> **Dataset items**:
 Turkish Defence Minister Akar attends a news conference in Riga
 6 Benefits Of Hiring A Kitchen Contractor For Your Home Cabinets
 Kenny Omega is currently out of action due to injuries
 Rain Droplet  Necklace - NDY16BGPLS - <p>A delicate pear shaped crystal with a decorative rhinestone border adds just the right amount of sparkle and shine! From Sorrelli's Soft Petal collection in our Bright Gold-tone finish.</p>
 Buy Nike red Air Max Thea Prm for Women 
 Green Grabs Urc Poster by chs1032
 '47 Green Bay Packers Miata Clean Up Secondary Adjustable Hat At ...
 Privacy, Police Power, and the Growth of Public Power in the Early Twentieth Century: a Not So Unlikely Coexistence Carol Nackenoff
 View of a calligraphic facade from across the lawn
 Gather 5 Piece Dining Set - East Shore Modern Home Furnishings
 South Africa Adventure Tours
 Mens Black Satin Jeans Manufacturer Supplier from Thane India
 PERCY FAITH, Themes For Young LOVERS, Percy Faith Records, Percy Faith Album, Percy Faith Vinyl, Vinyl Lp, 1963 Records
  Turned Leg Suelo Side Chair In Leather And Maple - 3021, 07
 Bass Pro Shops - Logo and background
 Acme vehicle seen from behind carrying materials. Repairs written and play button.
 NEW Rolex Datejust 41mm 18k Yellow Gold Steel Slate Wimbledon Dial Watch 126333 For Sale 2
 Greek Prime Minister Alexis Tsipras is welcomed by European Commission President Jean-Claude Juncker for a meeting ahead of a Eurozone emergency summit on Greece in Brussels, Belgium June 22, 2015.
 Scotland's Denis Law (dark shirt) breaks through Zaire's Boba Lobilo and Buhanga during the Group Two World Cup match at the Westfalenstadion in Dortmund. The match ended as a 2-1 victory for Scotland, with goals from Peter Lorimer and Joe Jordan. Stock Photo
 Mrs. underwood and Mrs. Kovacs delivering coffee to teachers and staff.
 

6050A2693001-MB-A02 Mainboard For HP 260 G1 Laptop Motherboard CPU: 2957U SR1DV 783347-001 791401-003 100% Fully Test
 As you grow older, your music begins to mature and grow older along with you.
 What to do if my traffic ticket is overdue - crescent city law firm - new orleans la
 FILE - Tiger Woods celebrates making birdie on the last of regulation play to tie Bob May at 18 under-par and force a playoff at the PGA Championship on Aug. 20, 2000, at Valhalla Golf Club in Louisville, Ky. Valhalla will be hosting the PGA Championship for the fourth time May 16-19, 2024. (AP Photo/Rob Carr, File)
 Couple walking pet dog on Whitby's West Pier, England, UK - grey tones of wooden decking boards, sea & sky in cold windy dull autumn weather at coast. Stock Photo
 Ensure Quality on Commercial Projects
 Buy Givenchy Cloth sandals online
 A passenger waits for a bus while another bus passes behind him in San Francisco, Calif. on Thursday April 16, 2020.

> **What is needed**: Scan the data above for the word "with", then copy every line that holds it.

> **Solution to the problem**:
 Rain Droplet  Necklace - NDY16BGPLS - <p>A delicate pear shaped crystal with a decorative rhinestone border adds just the right amount of sparkle and shine! From Sorrelli's Soft Petal collection in our Bright Gold-tone finish.</p>
 Scotland's Denis Law (dark shirt) breaks through Zaire's Boba Lobilo and Buhanga during the Group Two World Cup match at the Westfalenstadion in Dortmund. The match ended as a 2-1 victory for Scotland, with goals from Peter Lorimer and Joe Jordan. Stock Photo
 As you grow older, your music begins to mature and grow older along with you.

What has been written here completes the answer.